On September 26, 2010 · 6 Comments

6 Responses to “Ushuaia”

  1. Jean-François Bouchard says:

    There are bus services to Ushuaia, some from Punta Arenas (via Porvenir), but mostly from the Argentine town of Rio Gallegos on the mainland. The latter are Argentine buses, with Argentine passengers, traveling between Argentine towns, but it involves crossing the Chile-Argentina border twice, a very time-consuming masquerade. The very concept of “transit” does not seem to weigh against national prides ! It takes about 14 hours to travel the distance, including 5-7 hours of waits and border checks, a ferry crossing of the Straits of Magellan, and the use of an especially bad stretch of road in the Chilean territory.
    Thanks for your excellent site
    JFB, Québec QC Canada

  2. Katy says:

    How about a few words on St. John’s in Newfoundland, Canada? Seems to be a nice little town (or city?).

  3. Matthew says:

    Great post. Ushuaia is the southern terminus of the Pan American Highway, which runs from there to Prudhoe Bay, AK, almost without a break (The Darién Gap separates Panama from Columbia and requires some form of transportation other than motor vehicle).
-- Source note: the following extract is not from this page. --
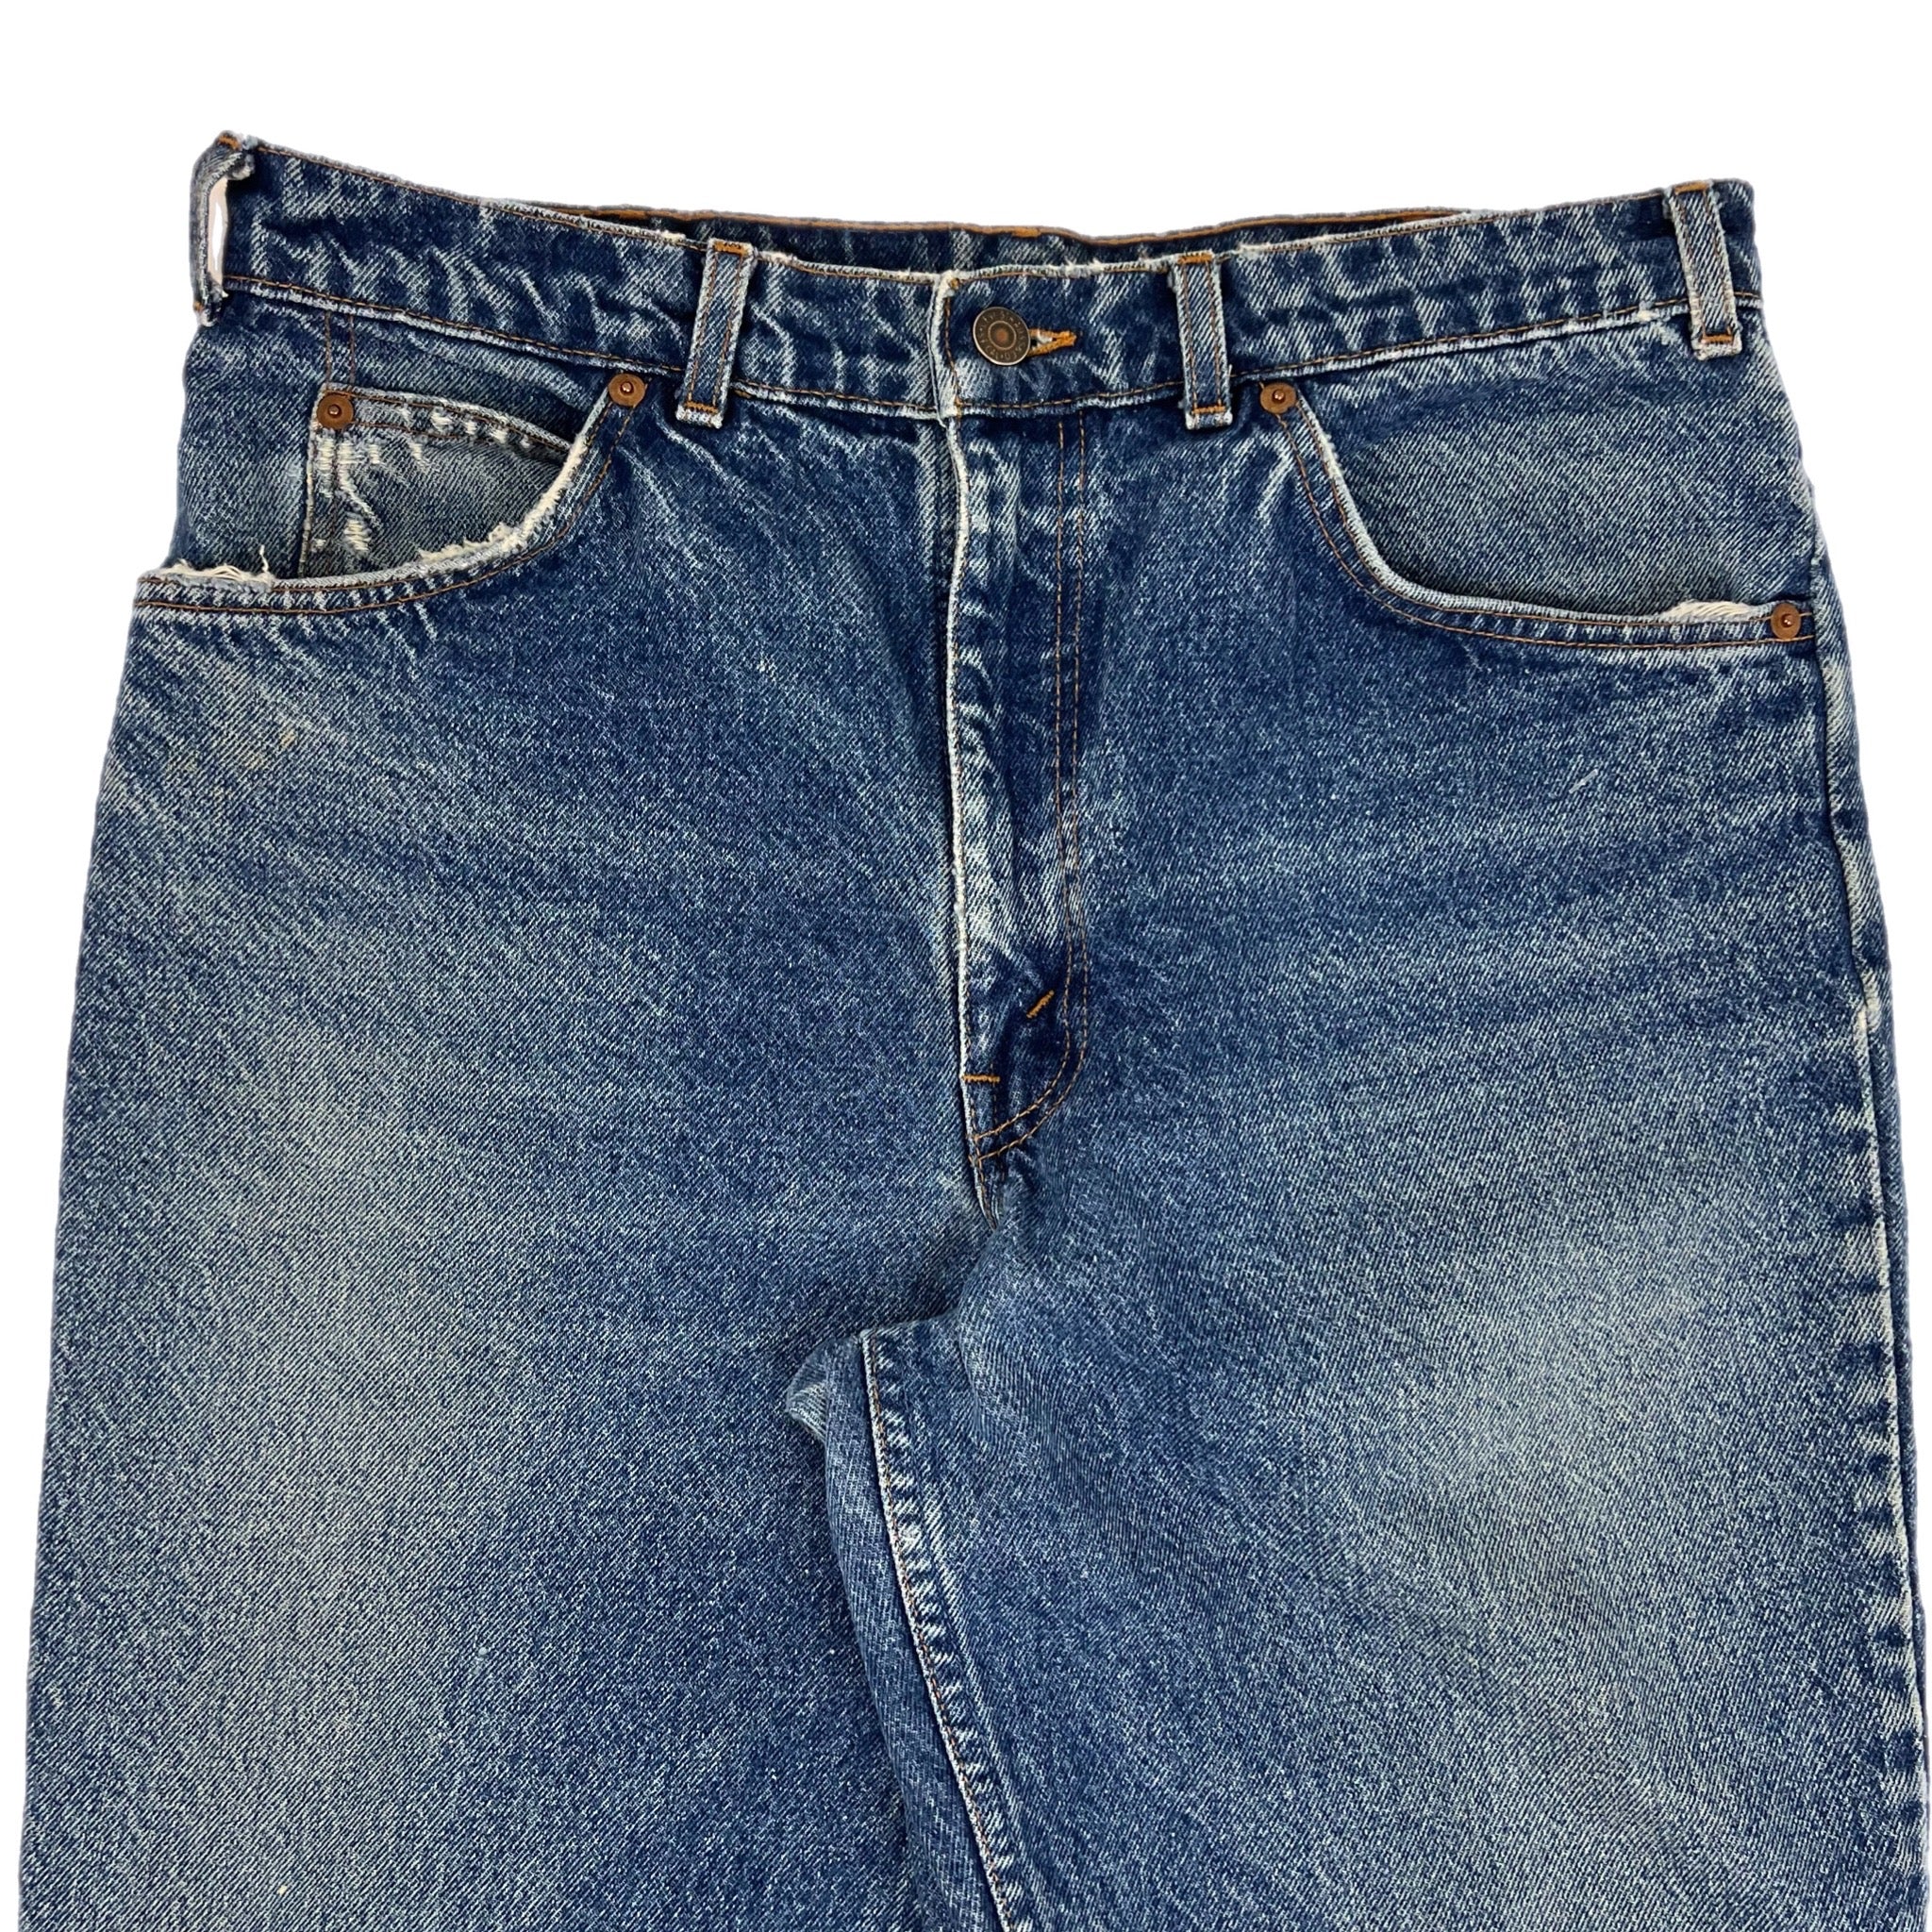 Vintage Levi’s Orange Tab Denim - Classic Blue Jeans

Aside from that gap, this is apparently one of the longest roads on the planet. I think I’d like to drive it someday.

  4. Guy says:

    I visited Ushuaia for a few days back in 1993. I took the bus/ferry route from Punta Arenas, not through Porvenir but through Cerro Sombrero and the eponymously named Chilean/Argentine border towns of San Sebastián. It took me a while – I don’t remember when I left Punta Arenas, but I do remember arriving in Ushuaia late in the evening. There wasn’t much to do there at that time, apart from visiting the aptly named Museo del Fin del Mundo (Museum of the End of the World). Hikers could explore the surrounding mountains. If you are ever in the area (and if you like hiking) I would recommend visiting the stunning Torres del Paine National Park north of Puerto Natales in Chile, though.
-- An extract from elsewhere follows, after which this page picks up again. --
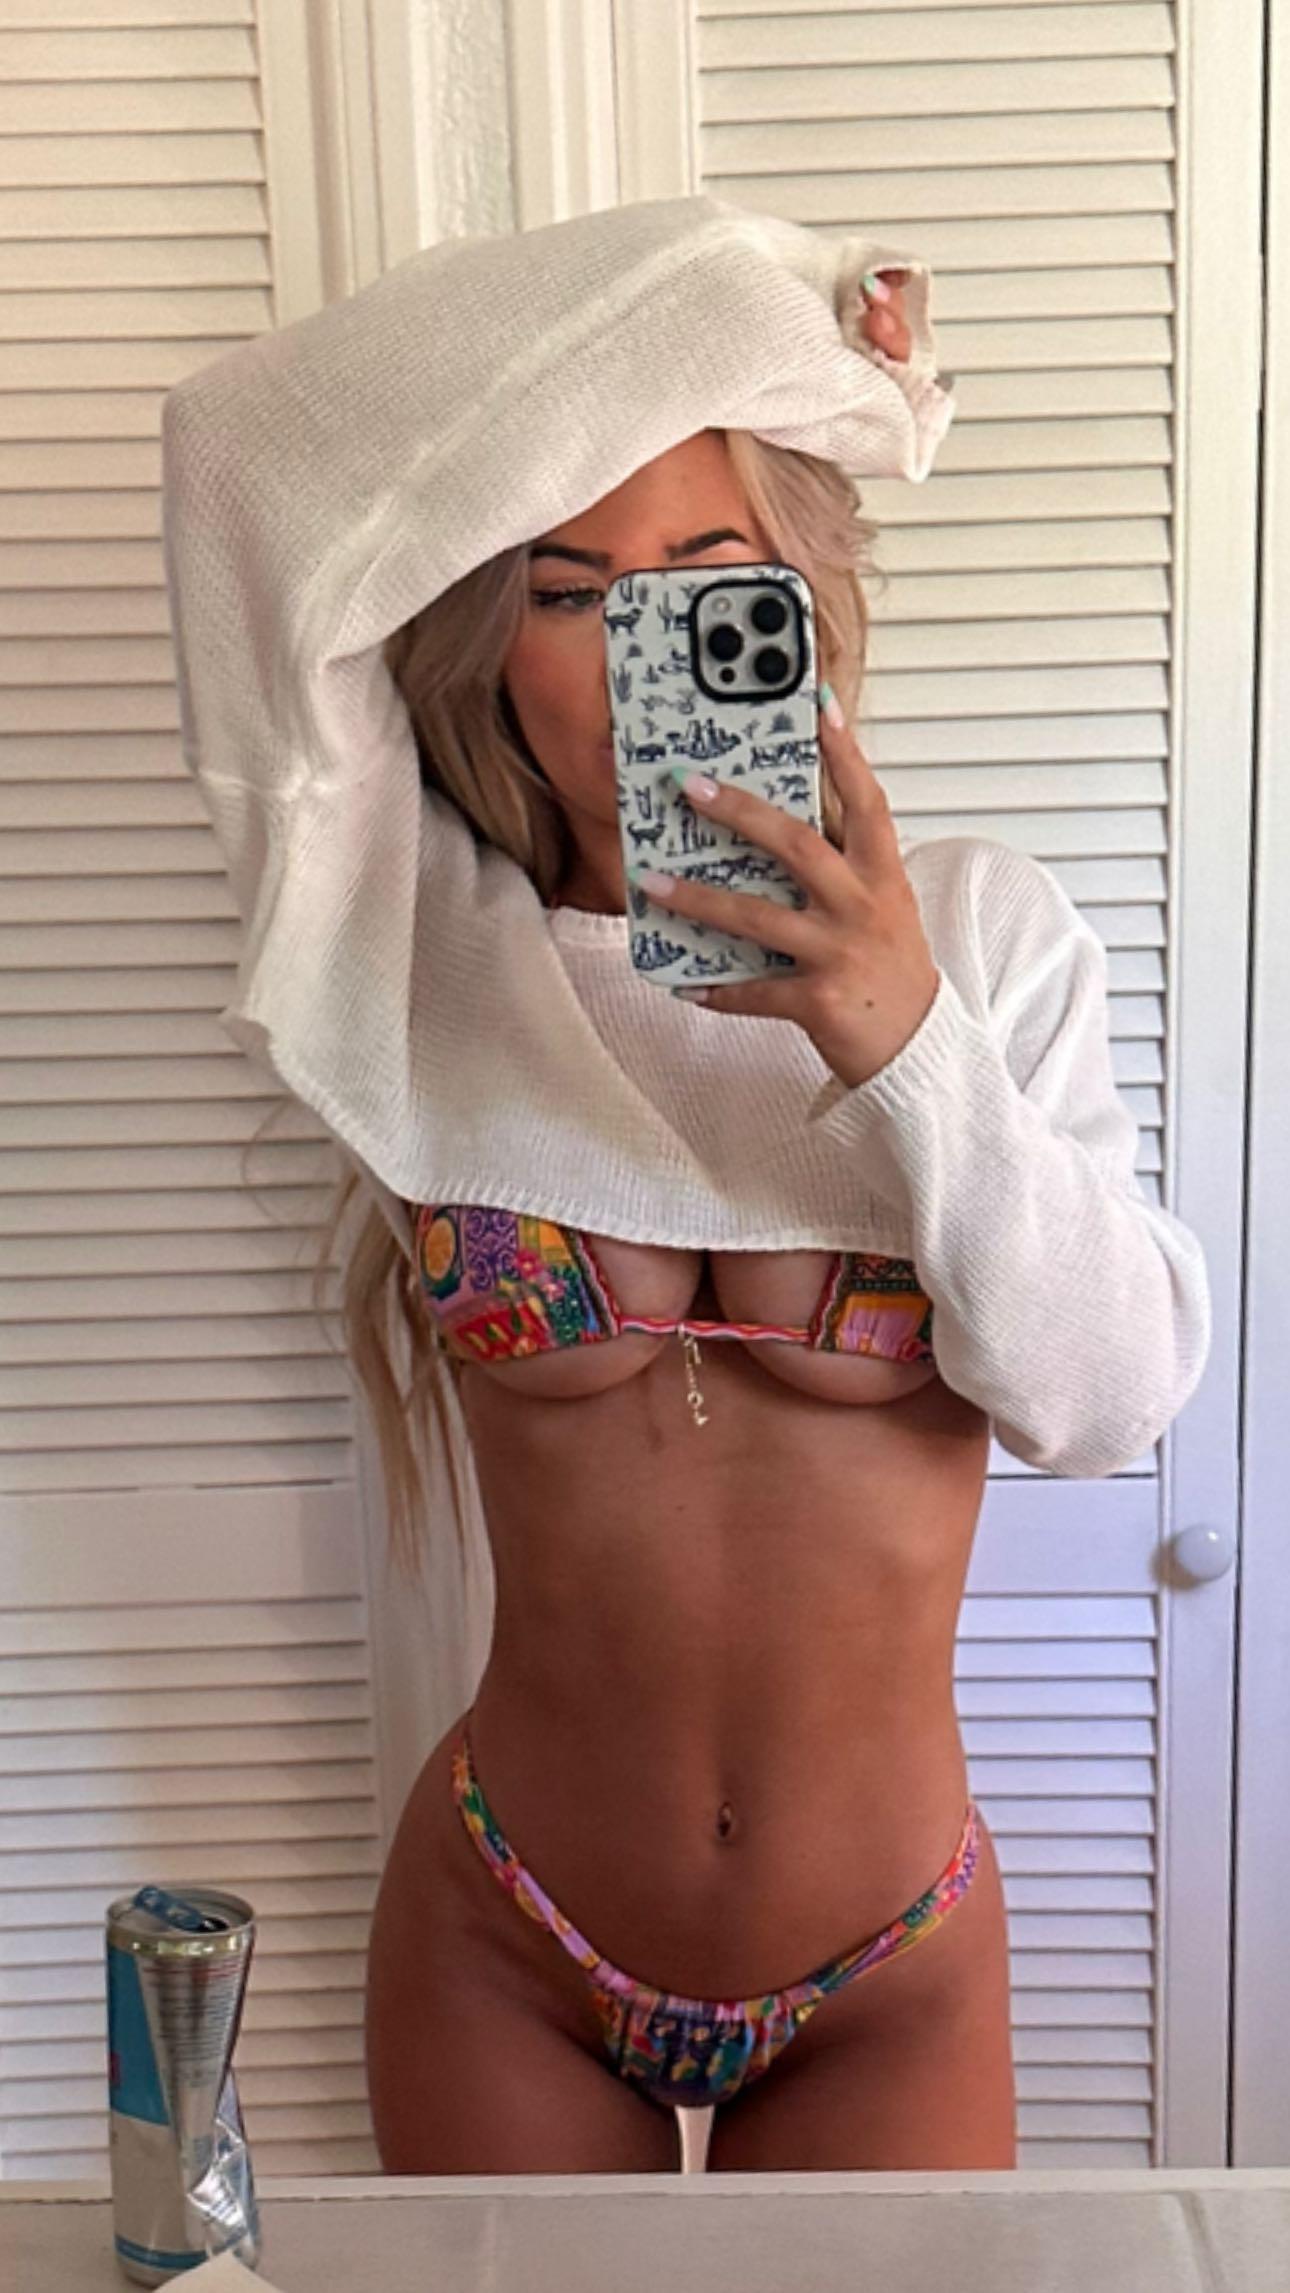 Emily Elizabeth snaps a selfie to show off her printed bikini.

    Yes, I do know of some peculiar places I’d like to see covered on Twelve Mile Circle:
    – A location I’d like to visit is Surveyor General’s Corner in Australia. Do you know what’s so peculiar about it?
    – While we’re in Australia I’d also like to know if you can find out what’s special about the Northern Territory/Queensland border and the Victoria/South Australia border. And please let me know if you ever make it to the point where the western borders of New South Wales and Victoria meet! Last one: do you know where the shortest border between two Australian states/territories is located?
    – Maybe you can also find something peculiar about the cities I lived in during the last twenty years: Ghent, Belgium / Tirana, Albania / Mechelen, Belgium / Christchurch, New Zealand?

  5. Lincoln Ho says:

    Every province in Canada has a different population definition of city. Alberta has a definition of over 10000 people, but the town still needs to apply for a city status. Sherwood Park in metro Edmonton is considered the world’s largest hamlet even though it has a population of over 50,000. That’s because it’s unincorporated and its governing body is the county of Strathcona.

    In Ontario, the same 10000 mark allows a town to apply for city status. Markham is the largest ‘town’ in Canada at over 260,000 people. And Dryden has 8100 people, but still a city, because it was incorporated when it surpassed the 10000.
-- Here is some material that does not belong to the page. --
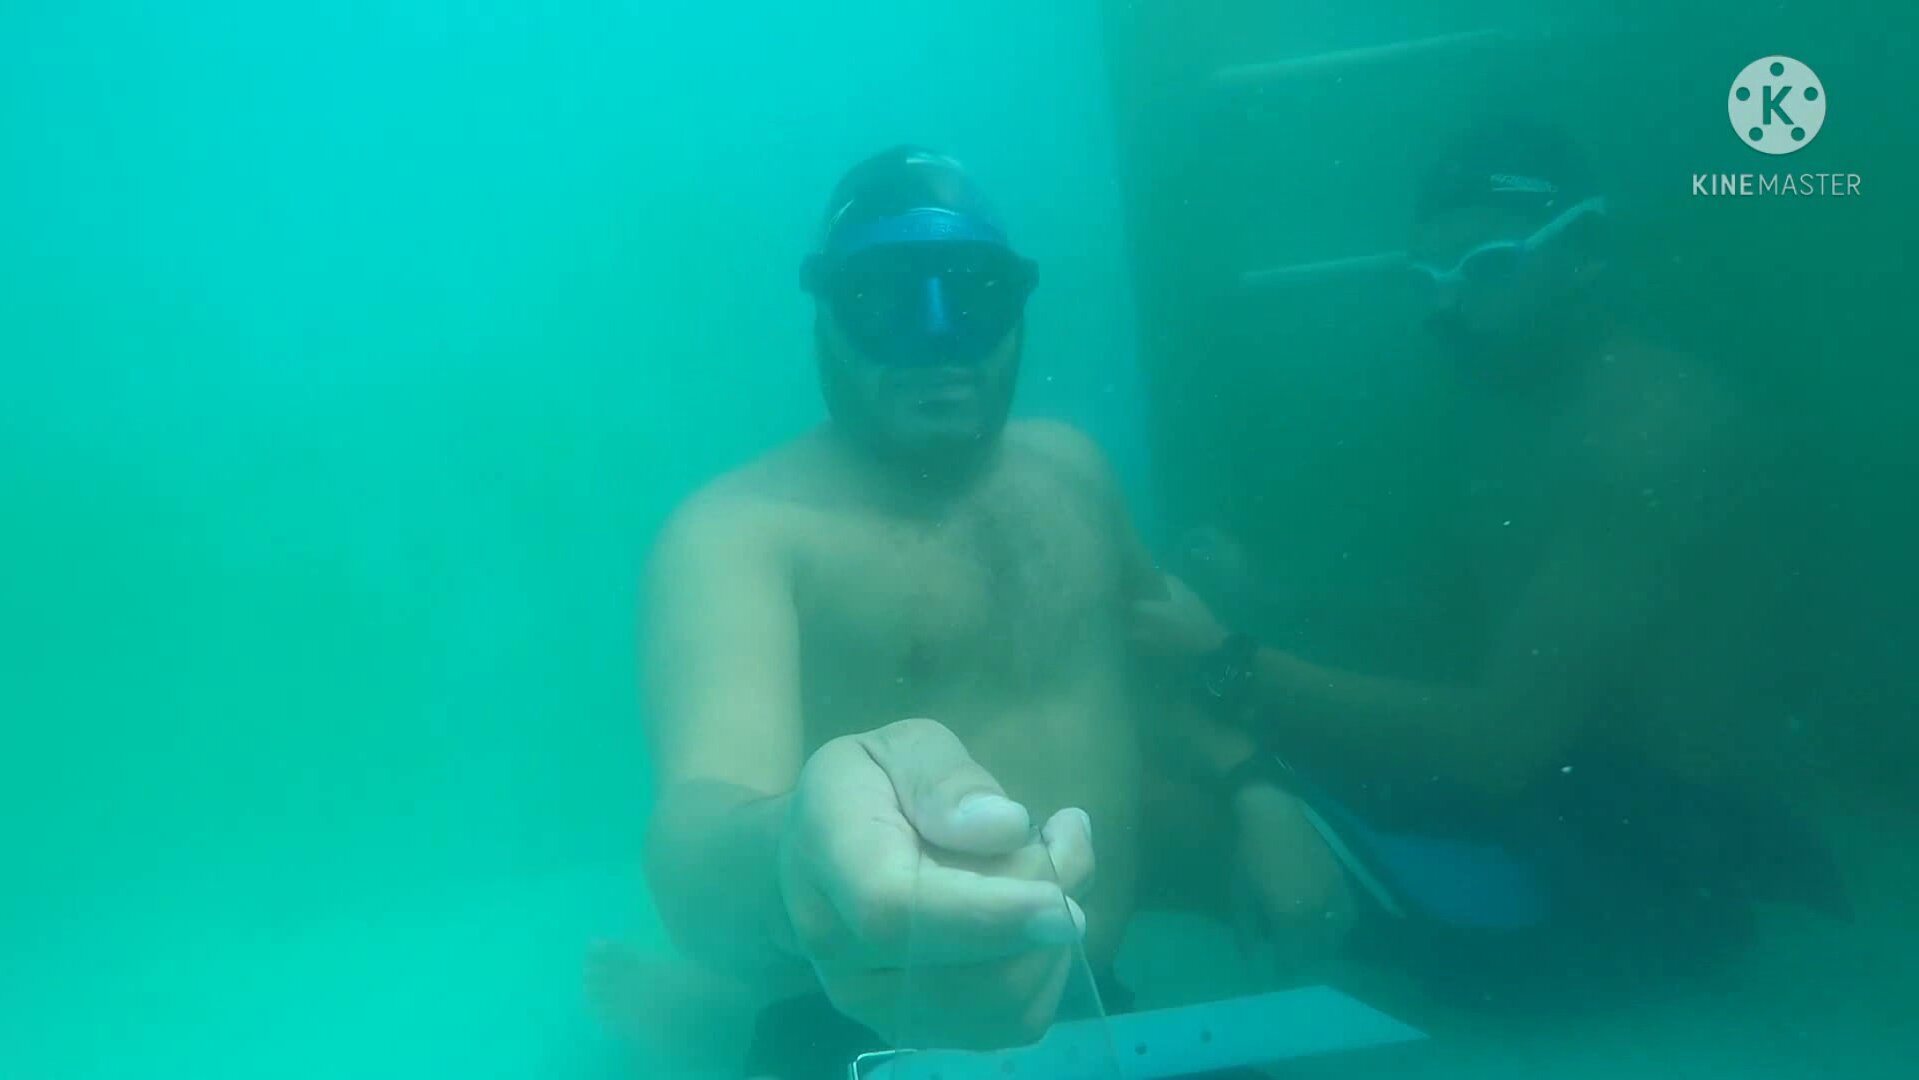 Kareem and friend breatholding again underwater

    In Quebec, there are no designations between cities or towns. All municipalities are villes.

    In Saskatchewan and British Columbia, cities are considered over 5000 in population.

    Statistically, Statistics Canada counts CMAs (Census Metropolitan Areas) in its definition. It means that if an area has a population over 100,000 where the area covered contains people that travel daily from one distance to another for work, then it is a metropolitan area.
    The boundaries of the CMA changes with every census depending on whether someone has to make a trip to work in Edmonton daily. It used to stretch as far was Vegreville in the East (95km) and Evansburg in the West (96km) by that definition, and that’s how Edmonton’s metro population got its so-called 1 million inhabitants, when the city population is just 730,000.

    So rabbit trail aside, by Canadian provincial definitions, Ushuaia is a city, but not by the CMA.